**WHAT YOU WILL DO**
Every record that follows should be copied exactly. No picture belongs in the copy.

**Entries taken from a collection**
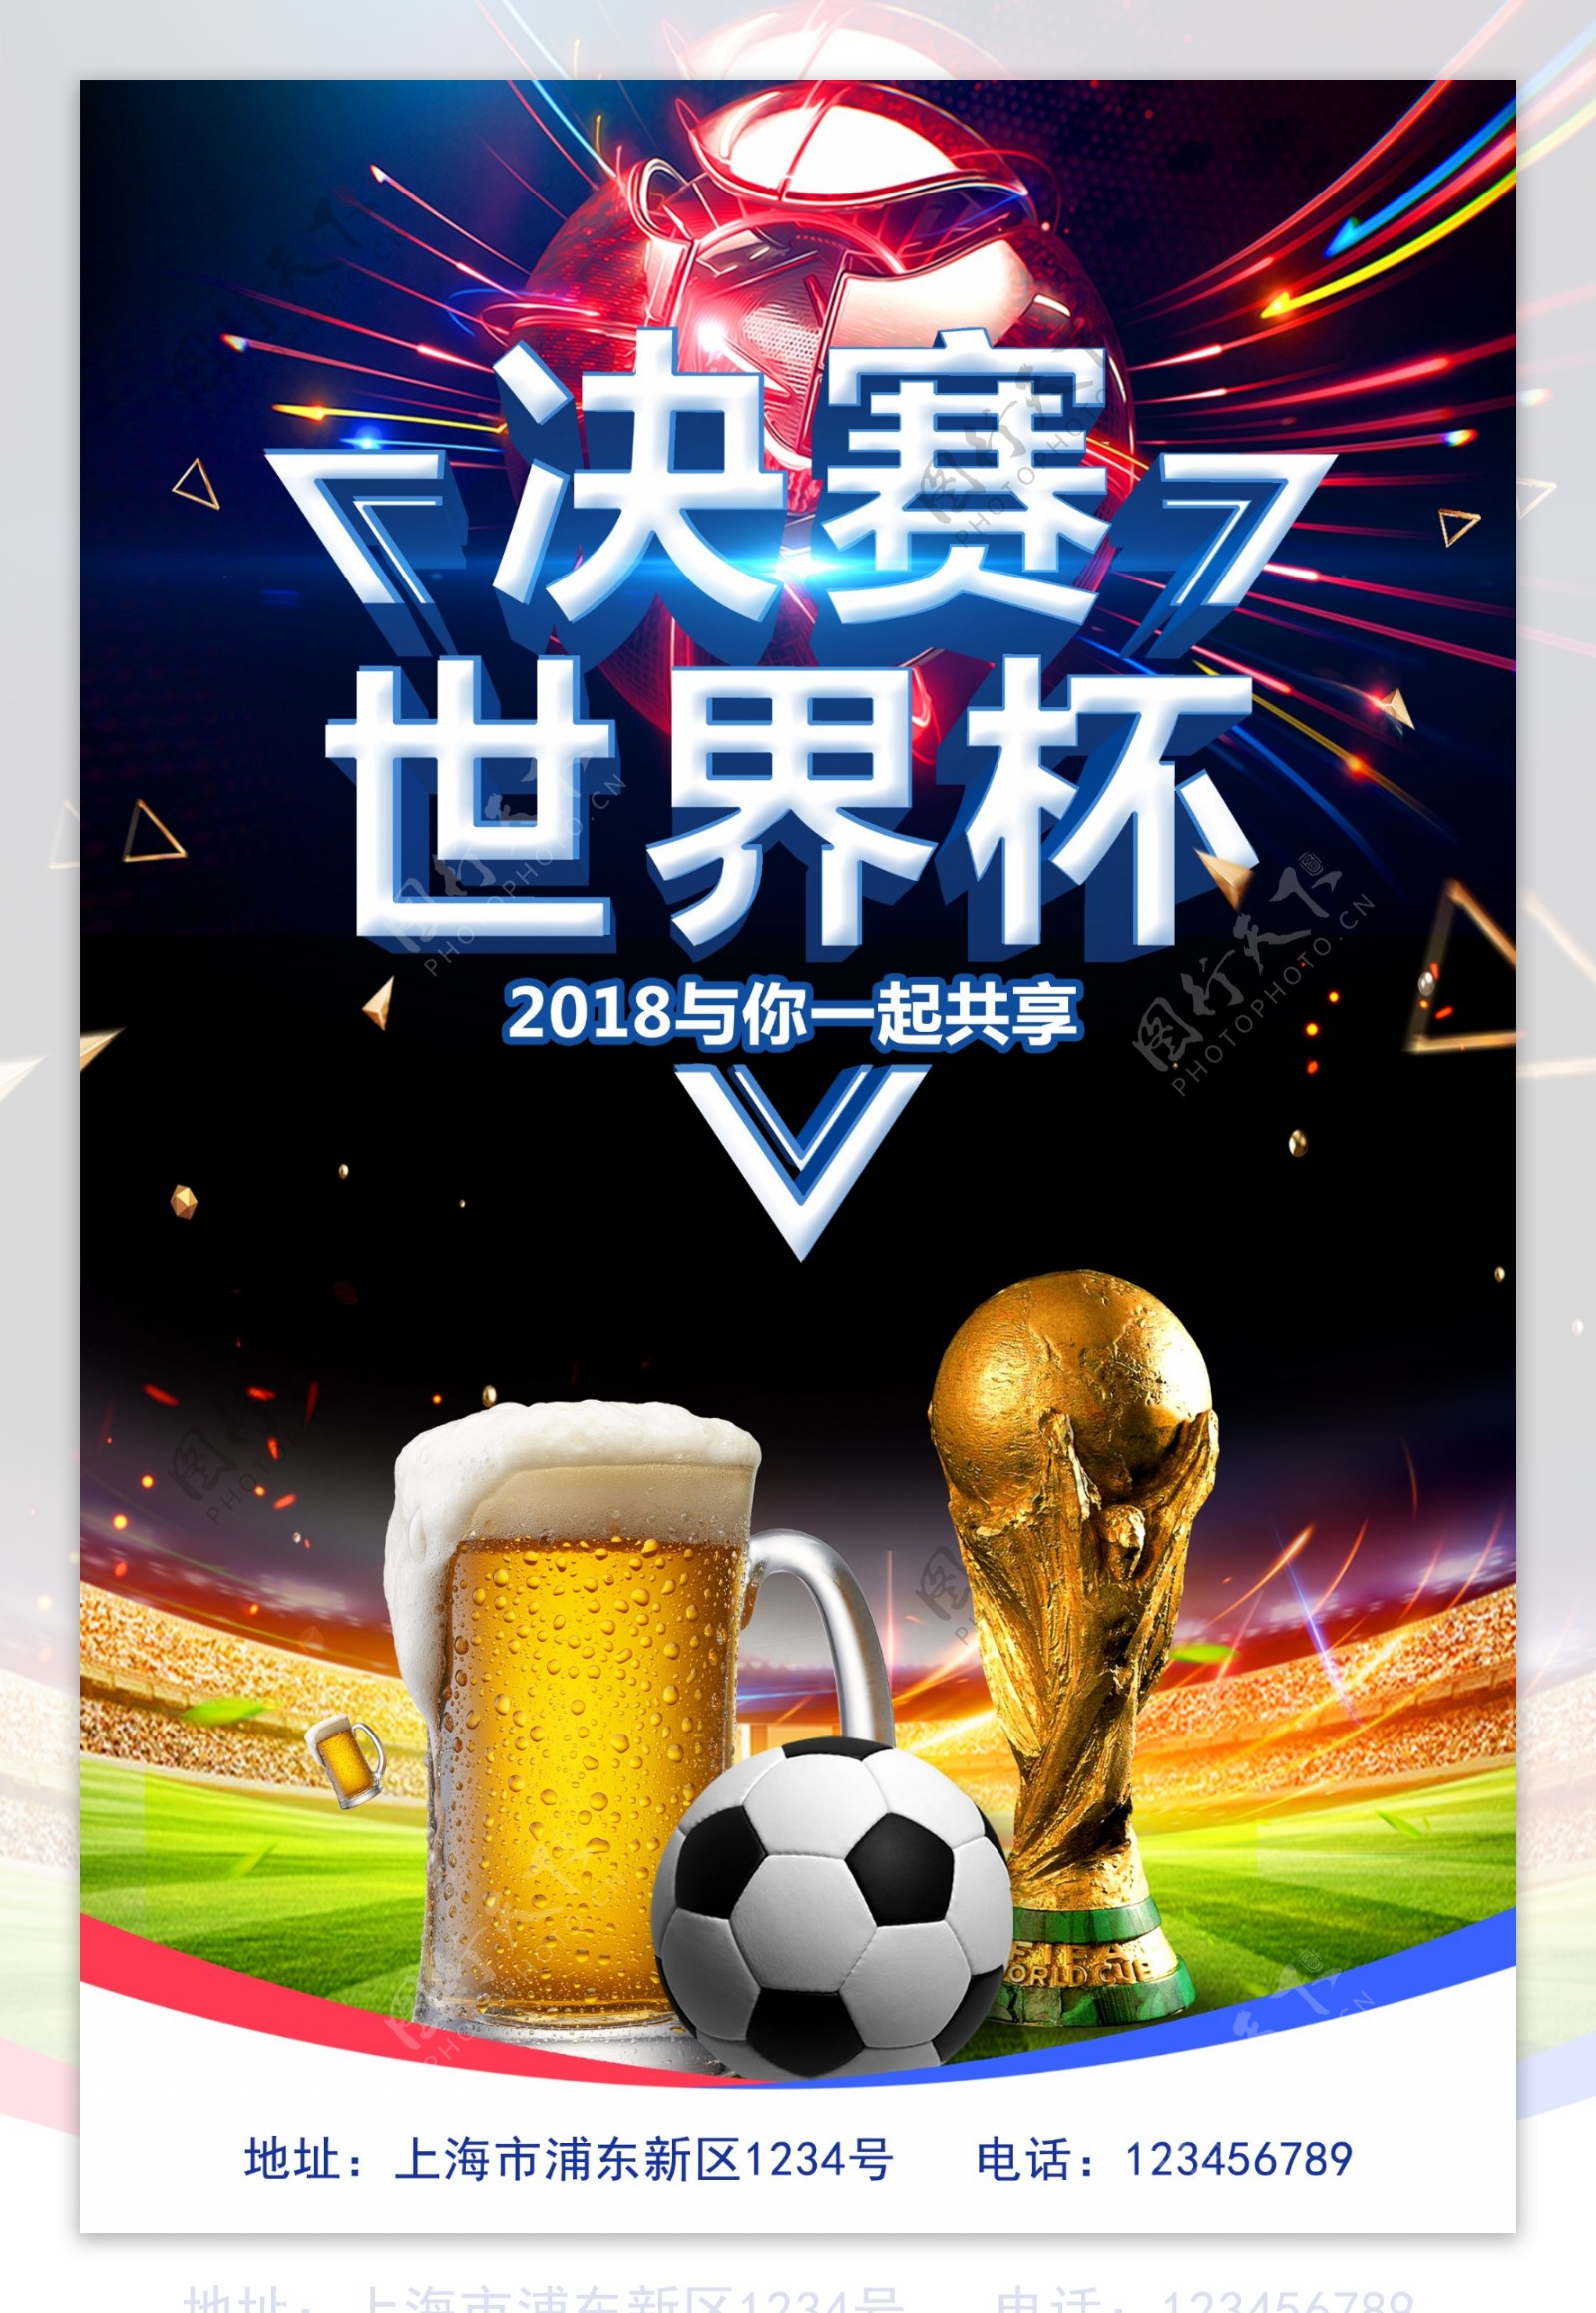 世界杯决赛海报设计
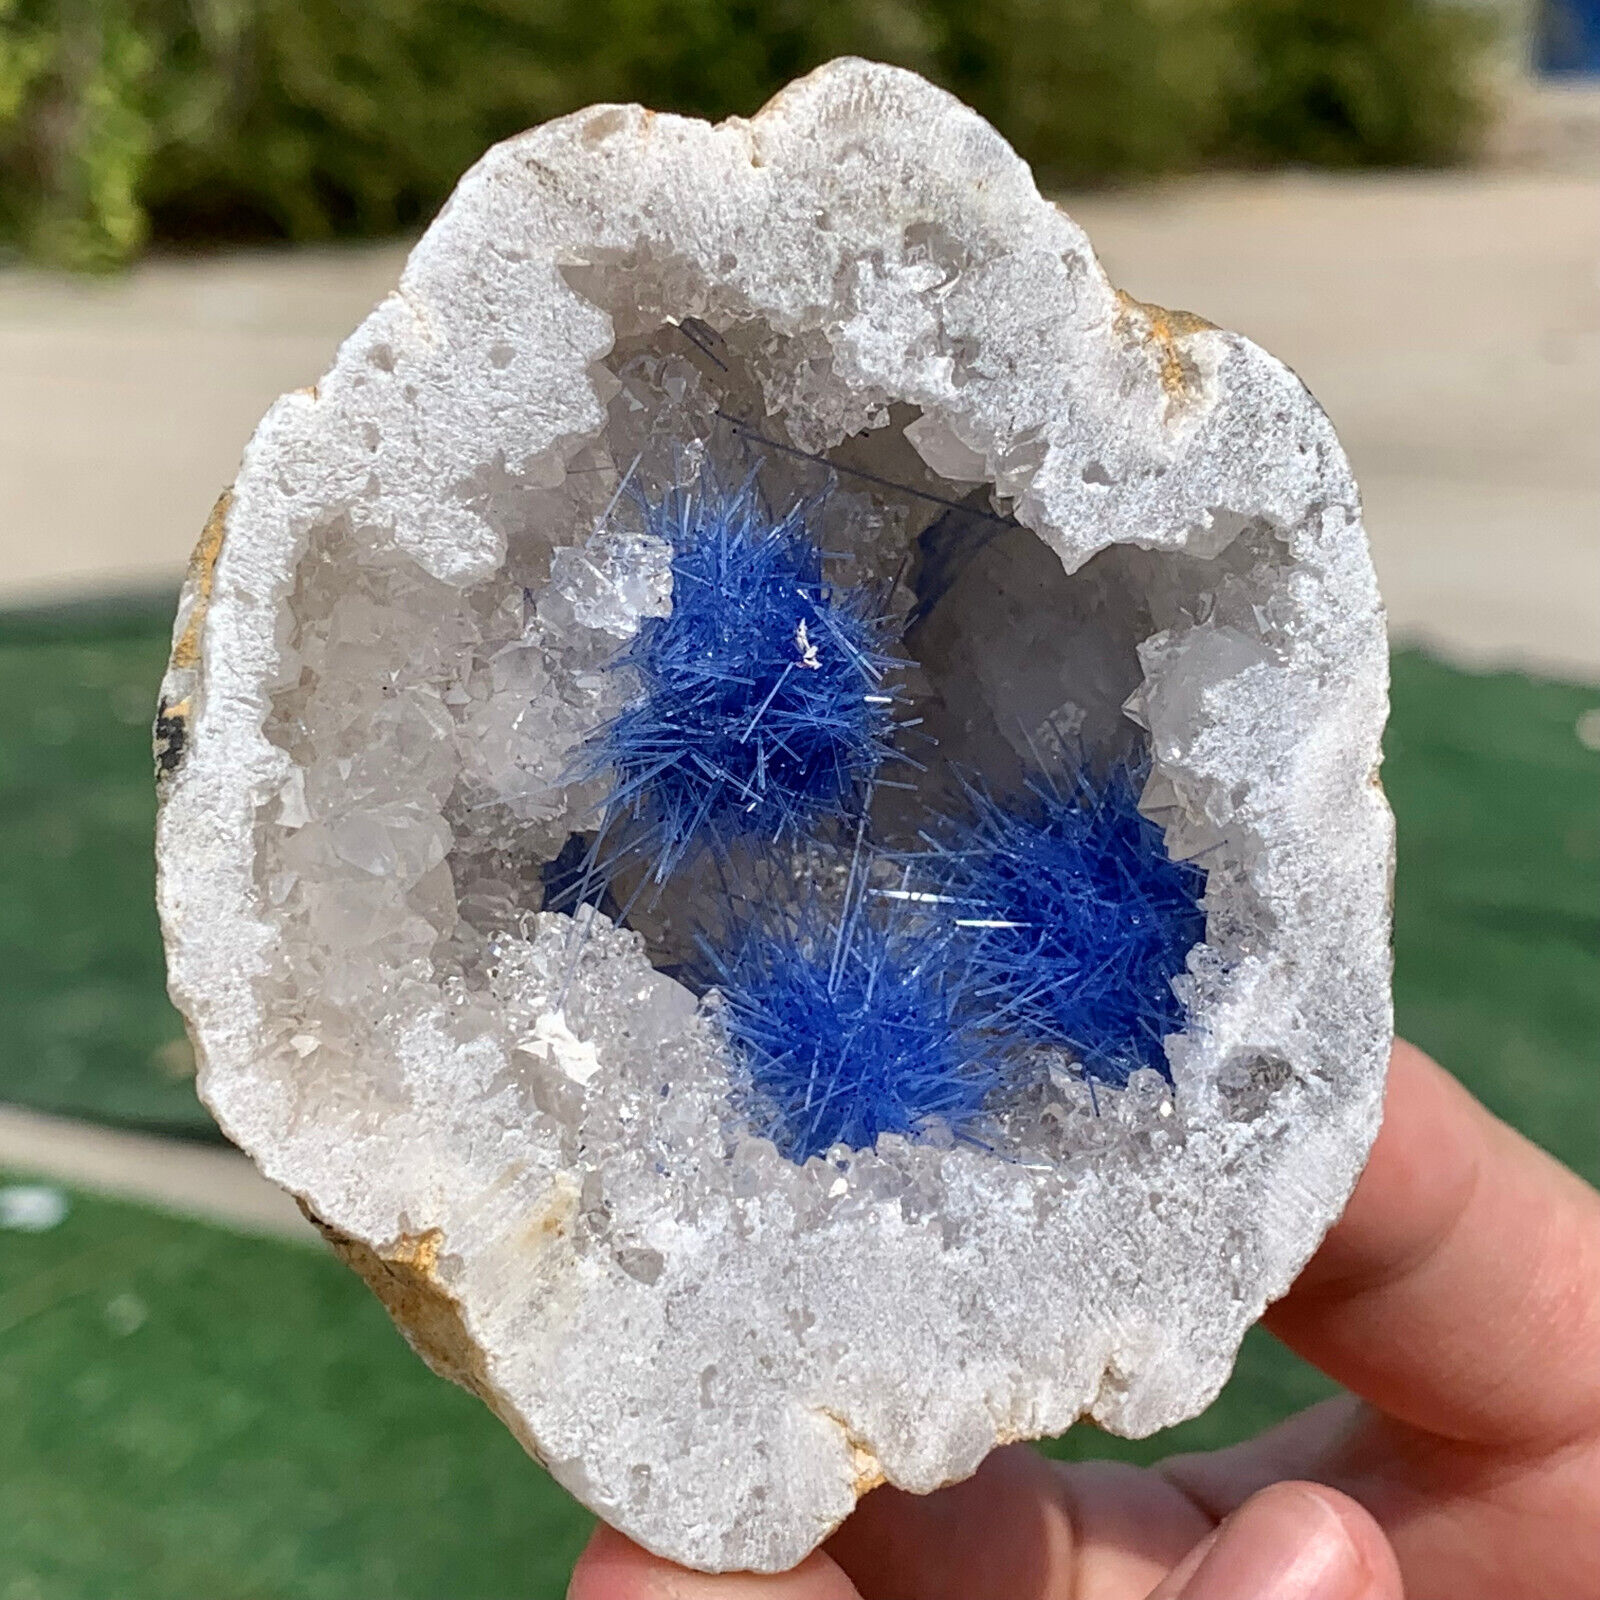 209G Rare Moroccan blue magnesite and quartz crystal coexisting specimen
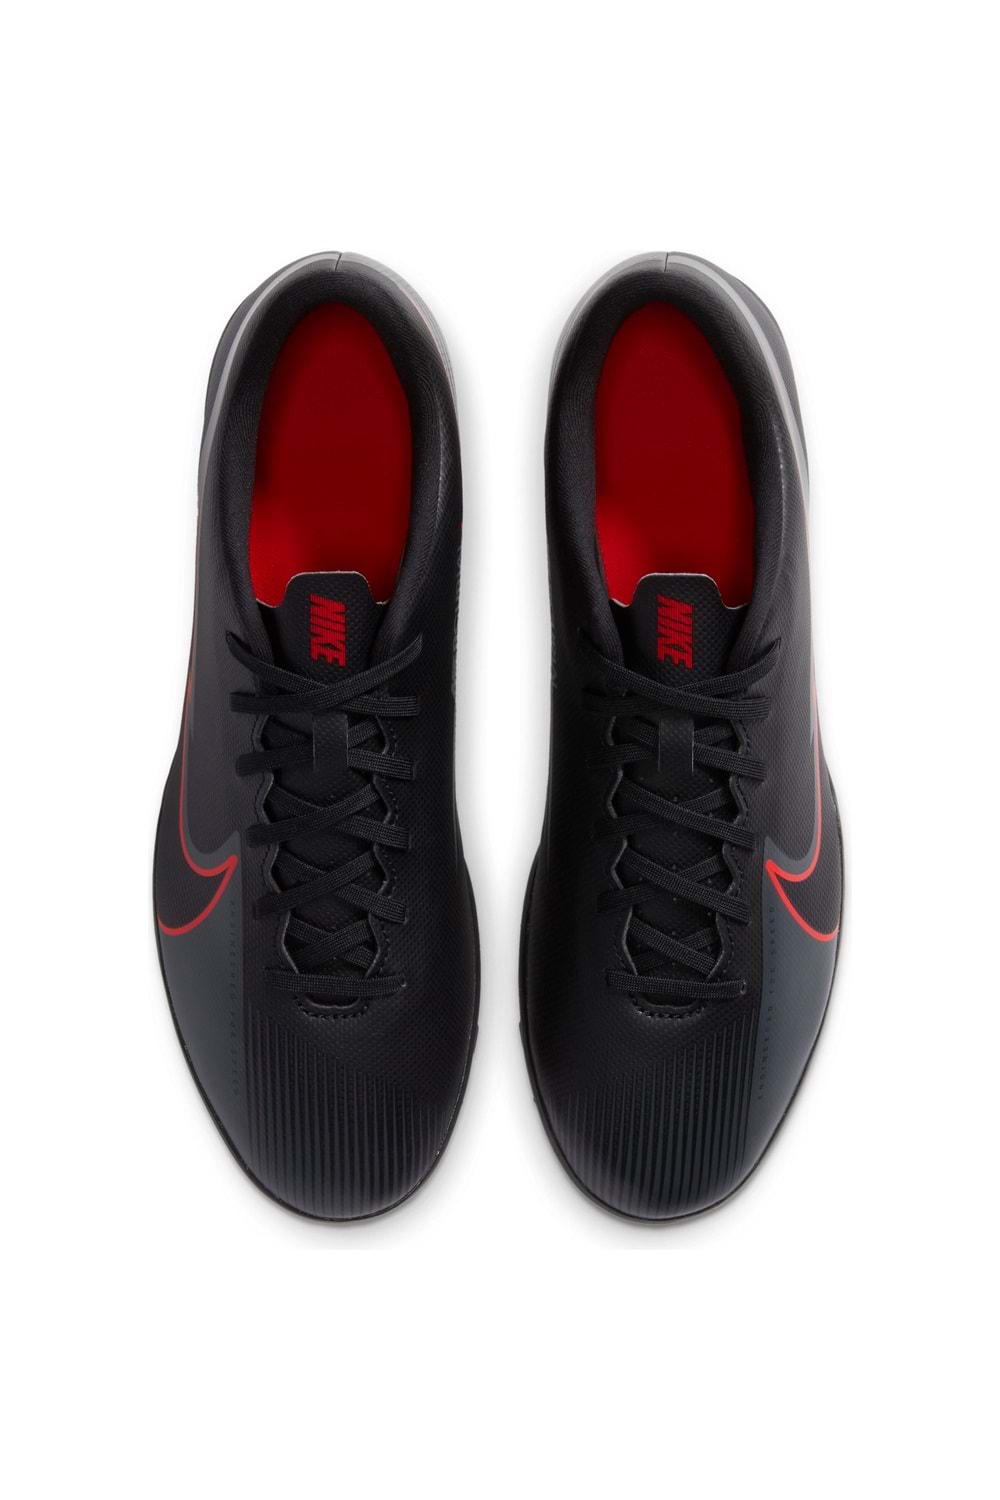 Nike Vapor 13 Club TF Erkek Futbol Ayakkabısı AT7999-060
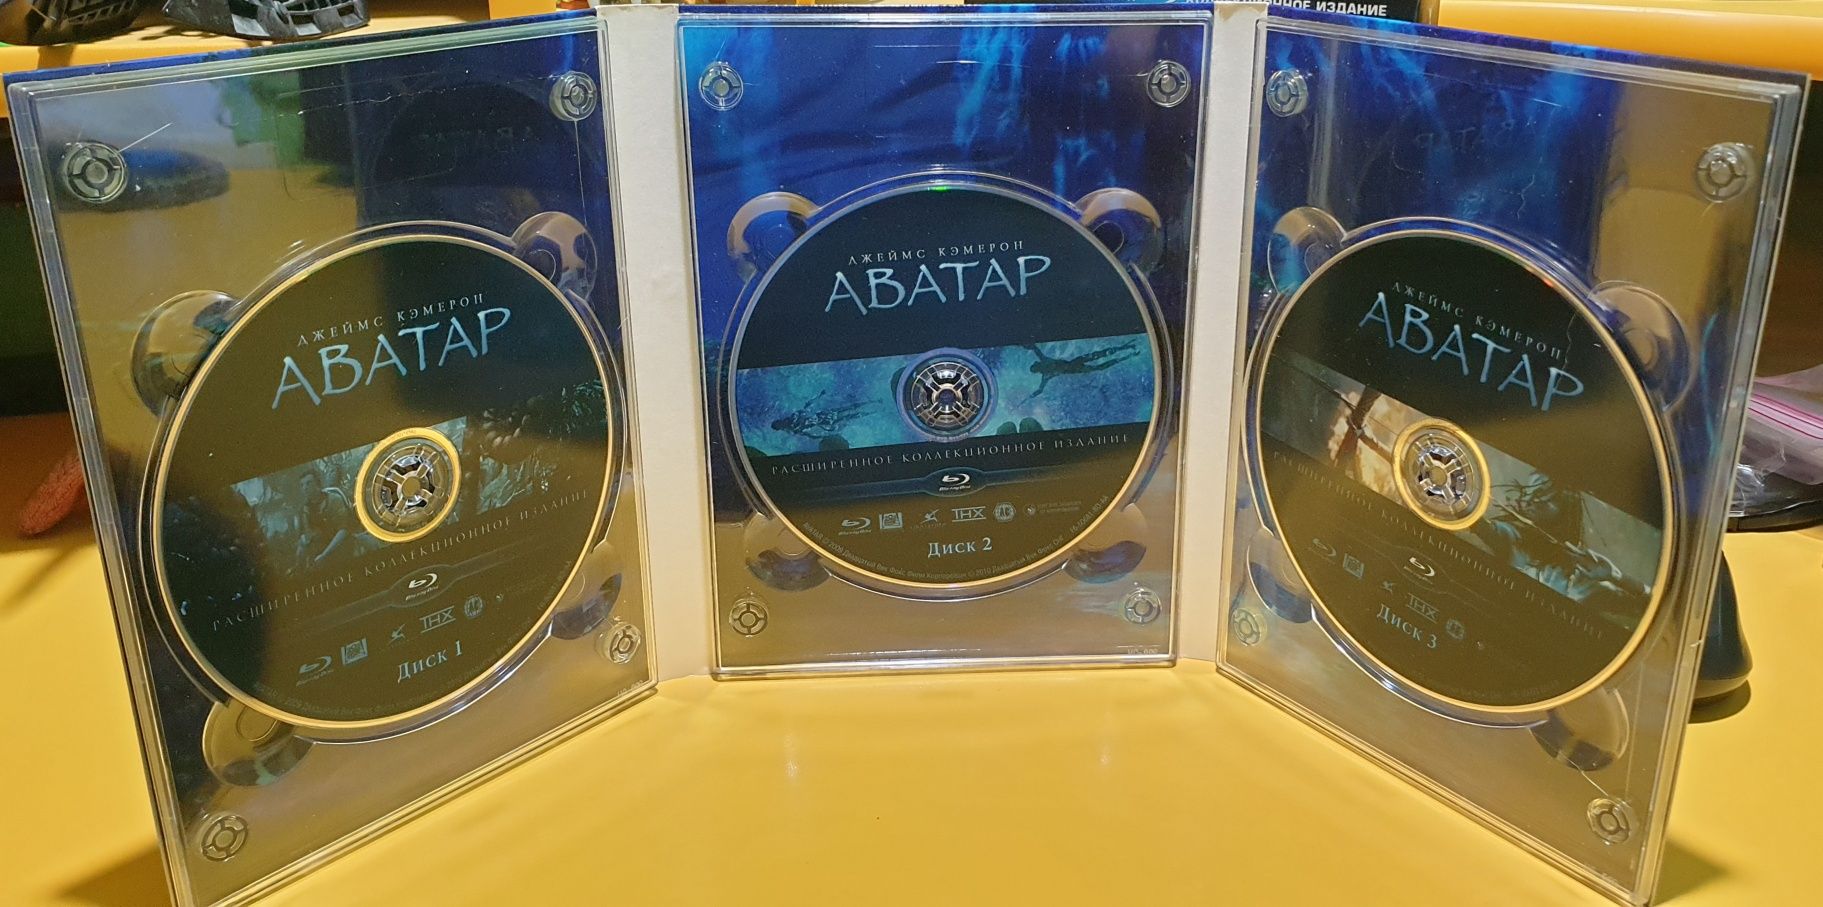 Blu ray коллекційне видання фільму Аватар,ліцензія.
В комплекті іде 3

**PROBLEM SOLUTION**
 世界杯决赛海报设计
 209G Rare Moroccan blue magnesite and quartz crystal coexisting specimen
 Nike Vapor 13 Club TF Erkek Futbol Ayakkabısı AT7999-060
 Blu ray коллекційне видання фільму Аватар,ліцензія.
В комплекті іде 3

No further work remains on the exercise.